- **EXERCISE OBJECTIVE**:
Copying starts at the line containing "LF80538GF0282M | Intel" and stops after the last line of the records; each line is repeated exactly, and pictures are skipped.

- **GIVEN ENTRIES**:
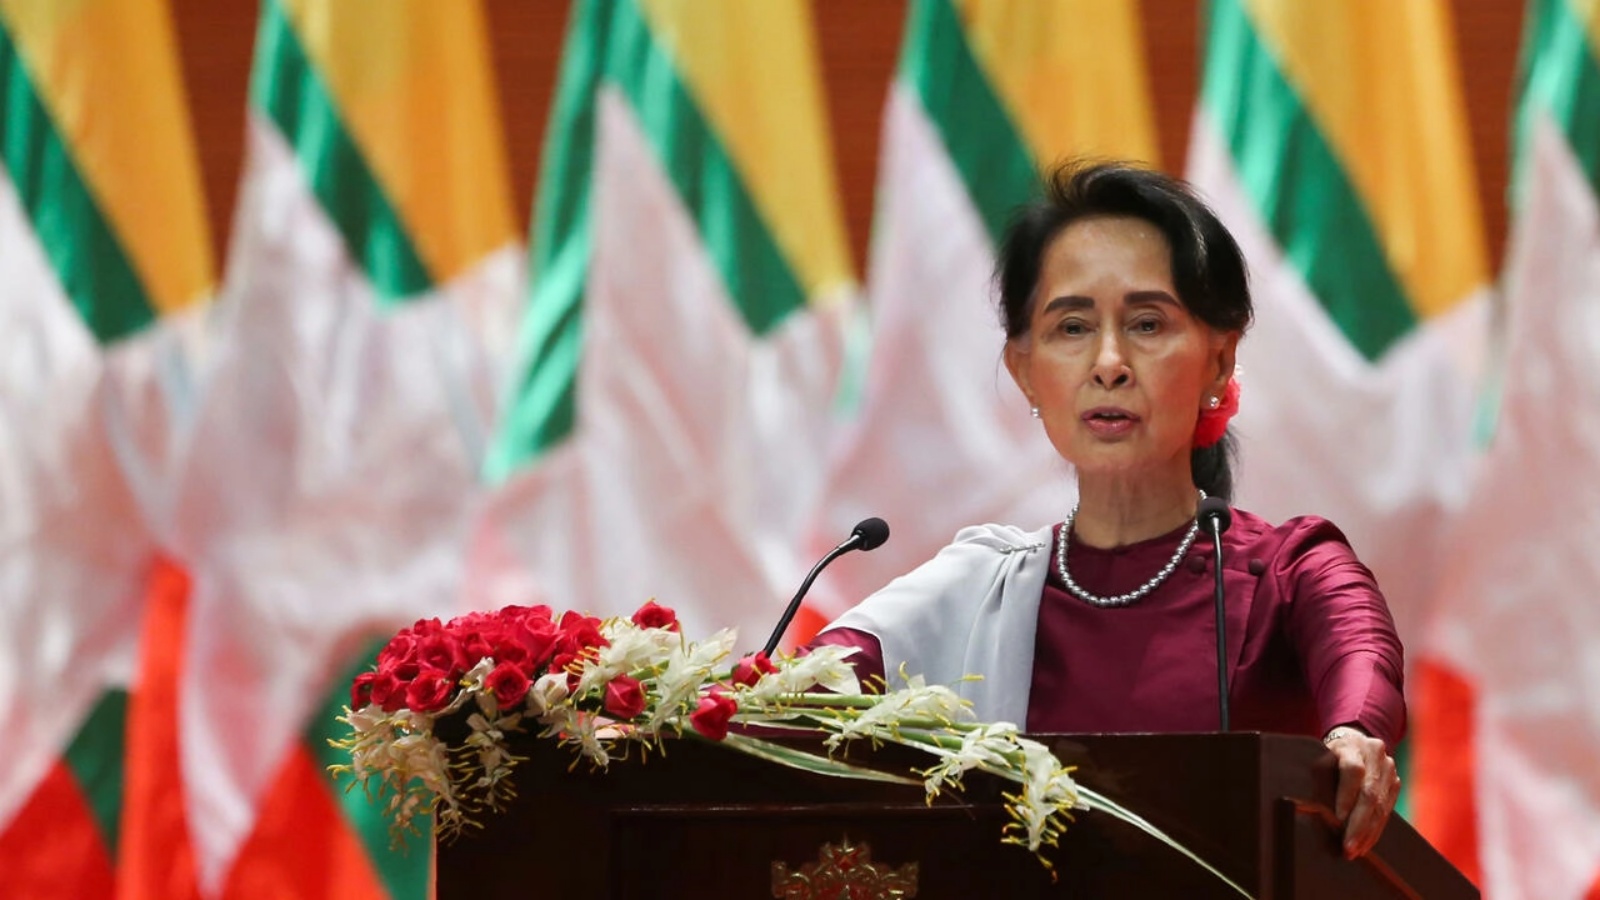 الزعيمة البورمية المدنية المخلوعة أونغ سان سو تشي
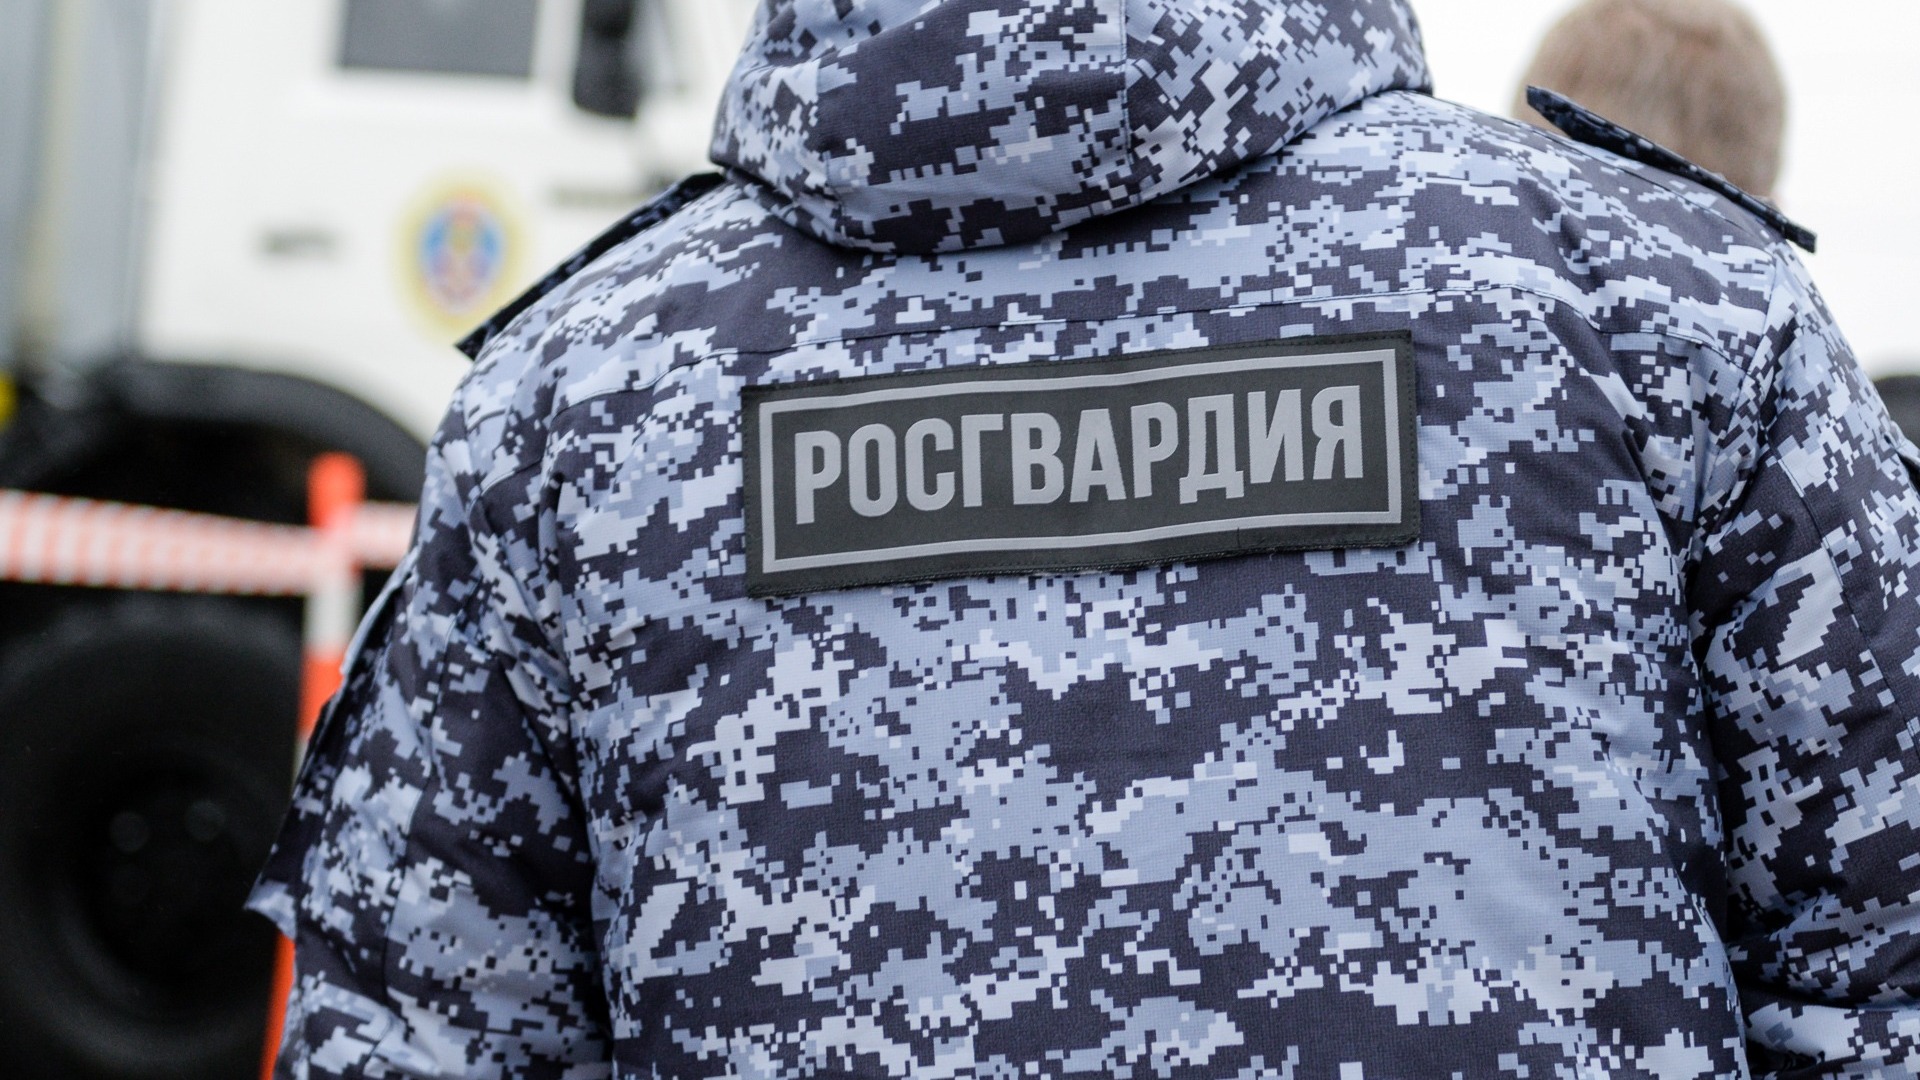 В Ростове суд утвердил приговор экс-полковнику Росгвардии за дискредитацию армии РФ
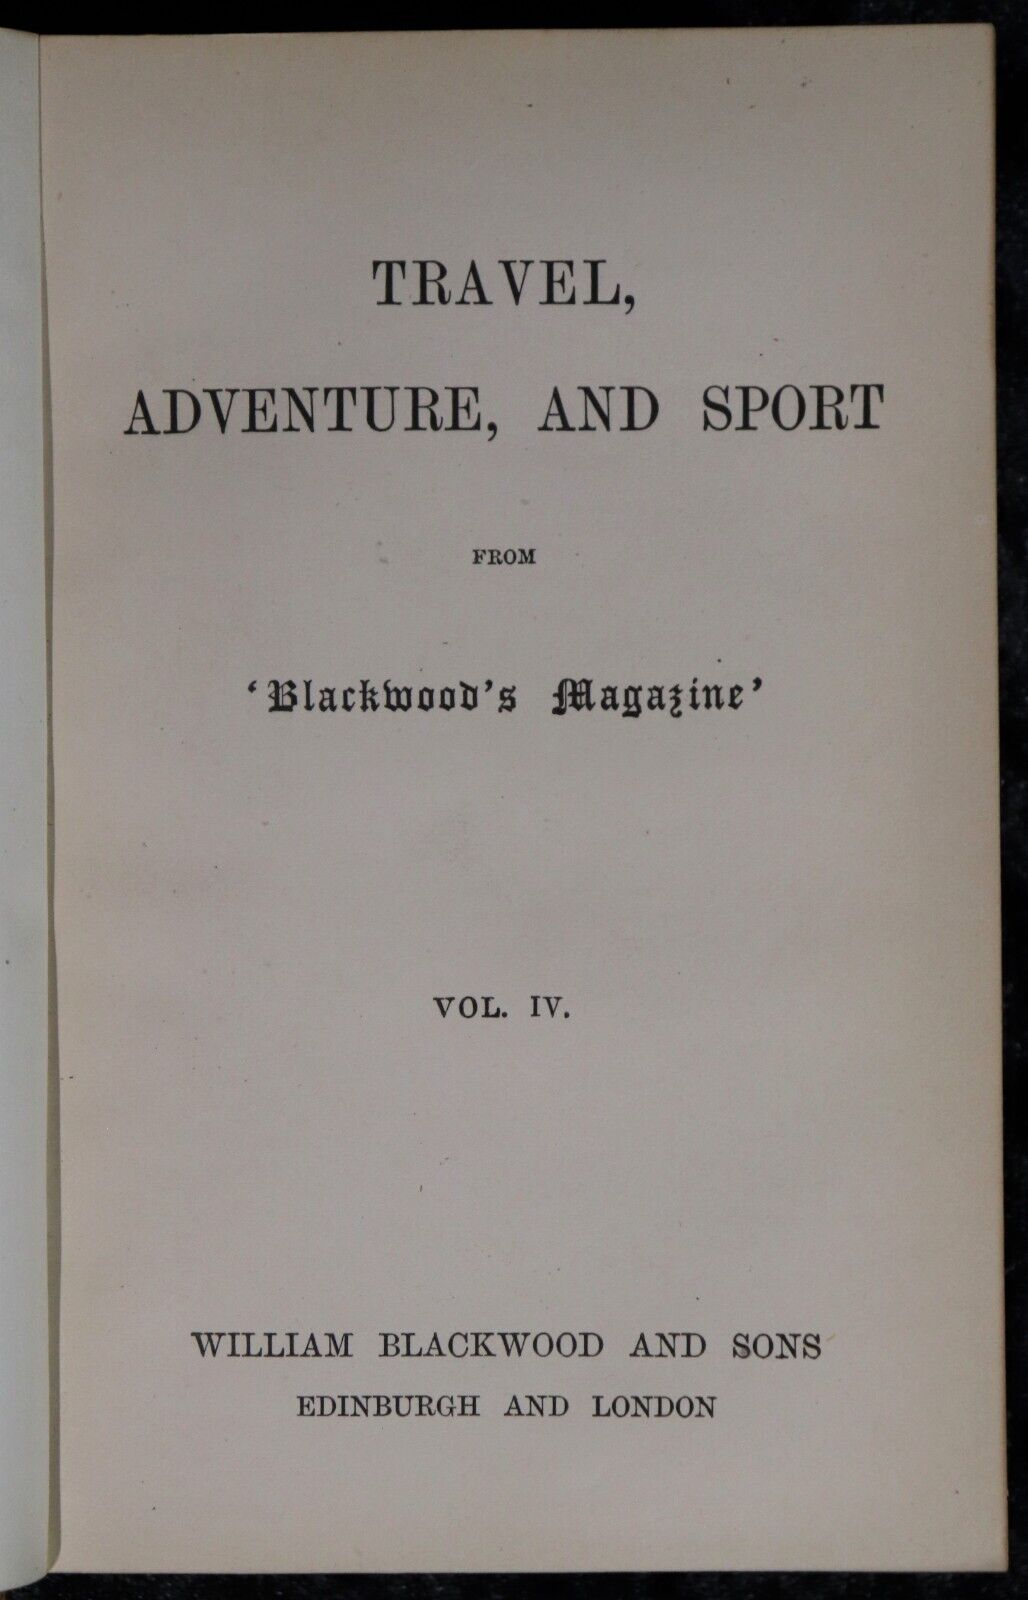 Travel, Adventure & Sport - c1880 - 6 Vols. Antiquarian Travel & Sport Books
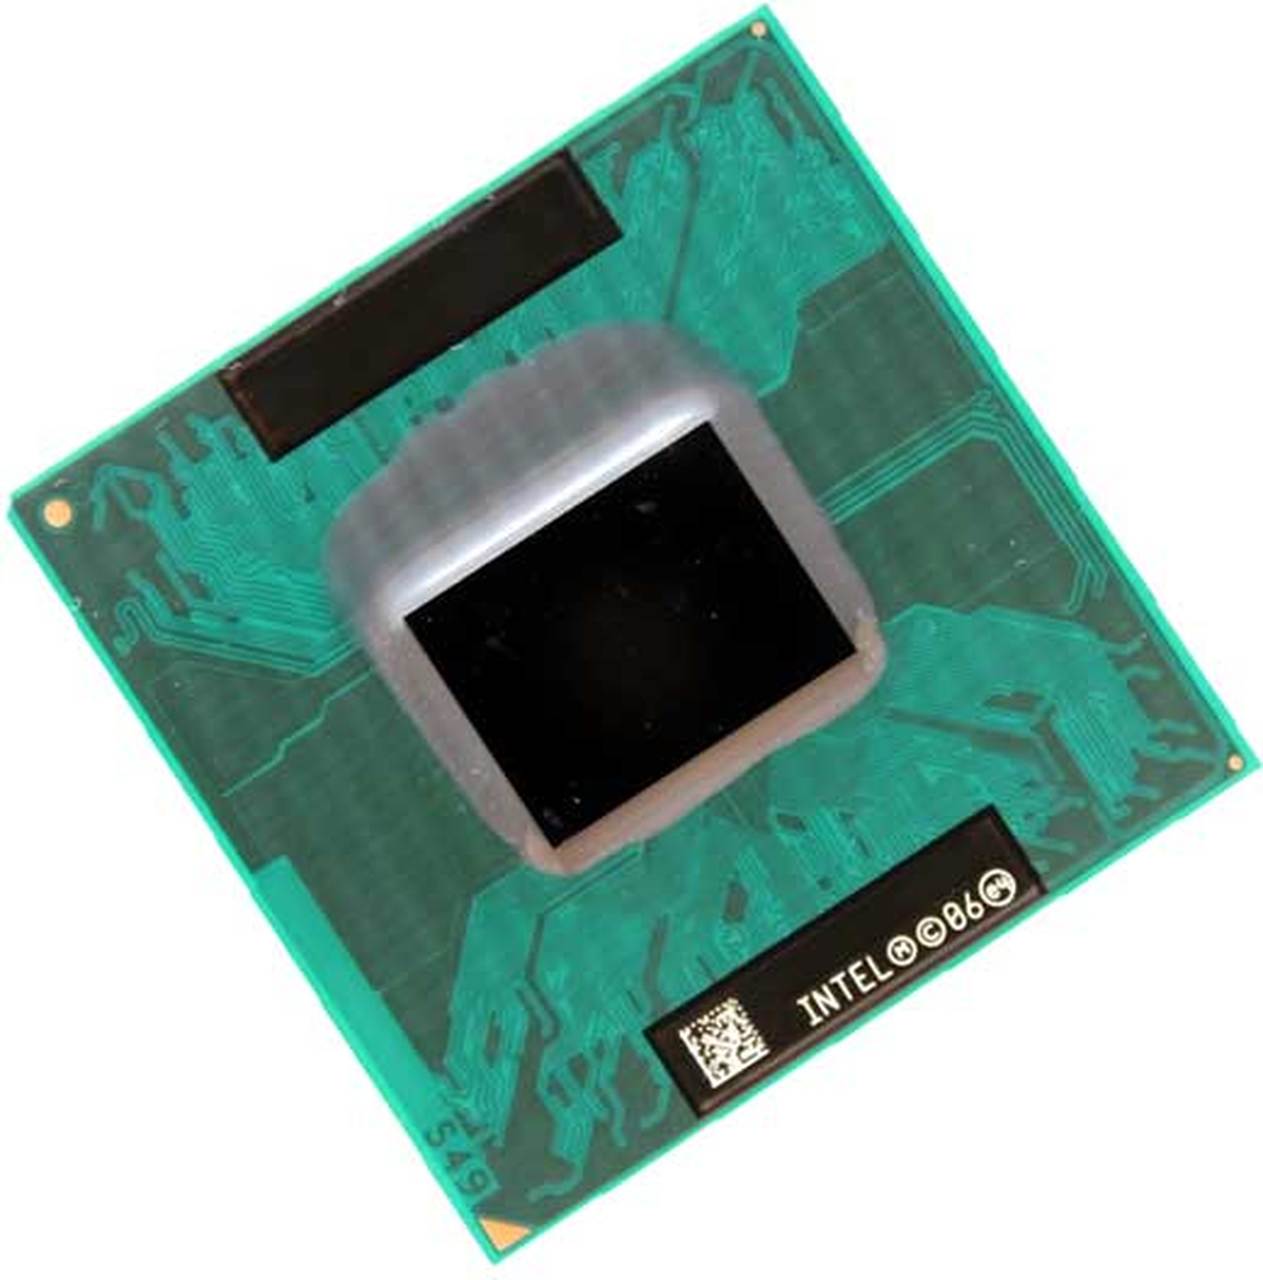 LF80538GF0282M | Intel LF80538GF0282M Core Solo Processor 1.66GHz Processor
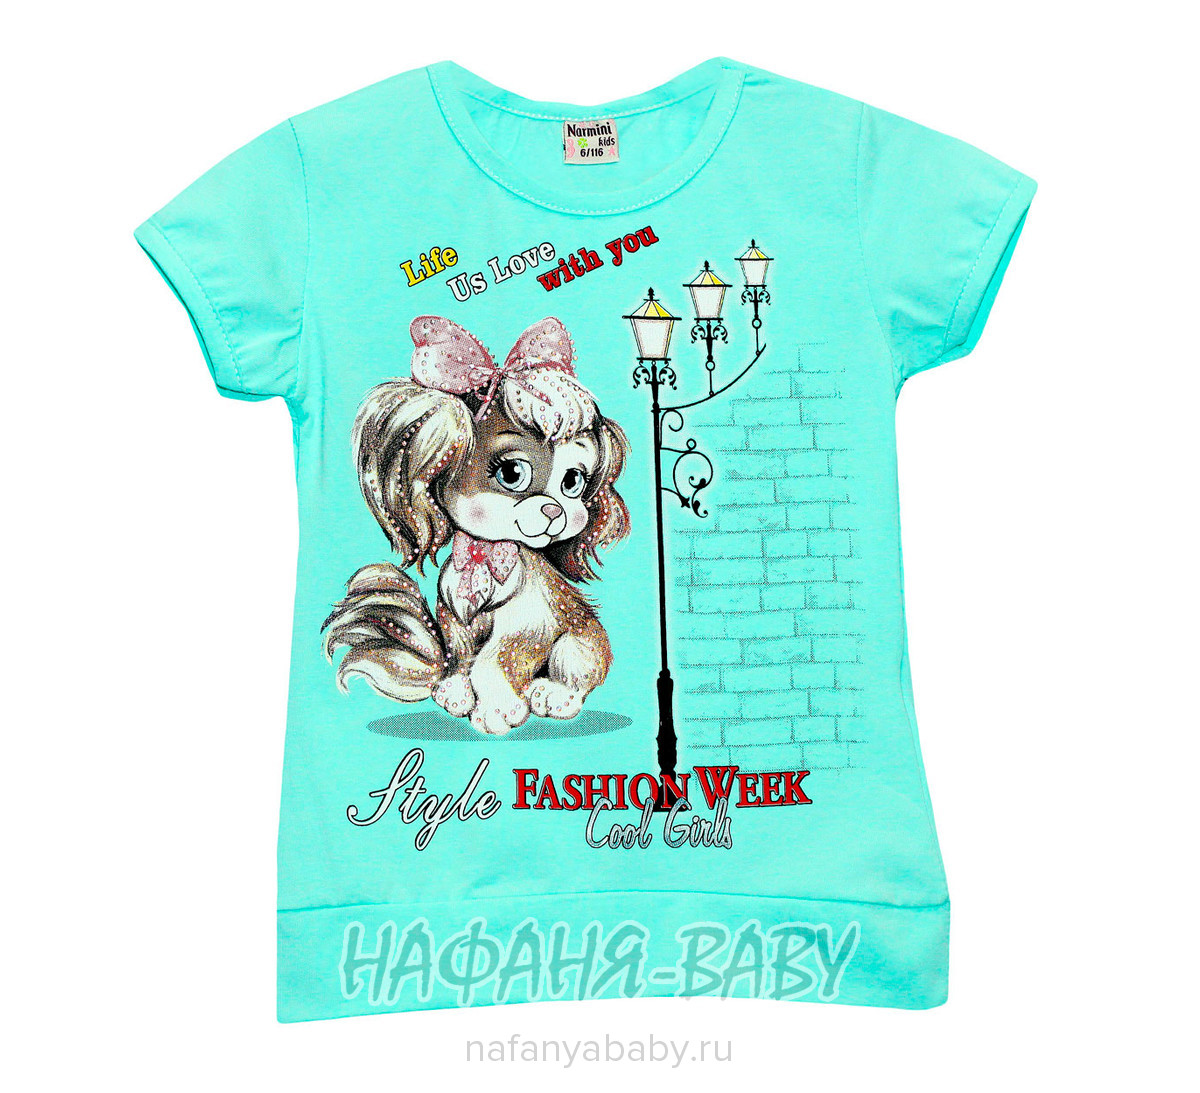 Детская футболка, артикул 5544 NARMINI арт: 5544, 1-4 года, 5-9 лет, цвет аквамариновый, оптом Турция

- **ANSWER SPACE**:
 LF80538GF0282M | Intel LF80538GF0282M Core Solo Processor 1.66GHz Processor
 Детская футболка, артикул 5544 NARMINI арт: 5544, 1-4 года, 5-9 лет, цвет аквамариновый, оптом Турция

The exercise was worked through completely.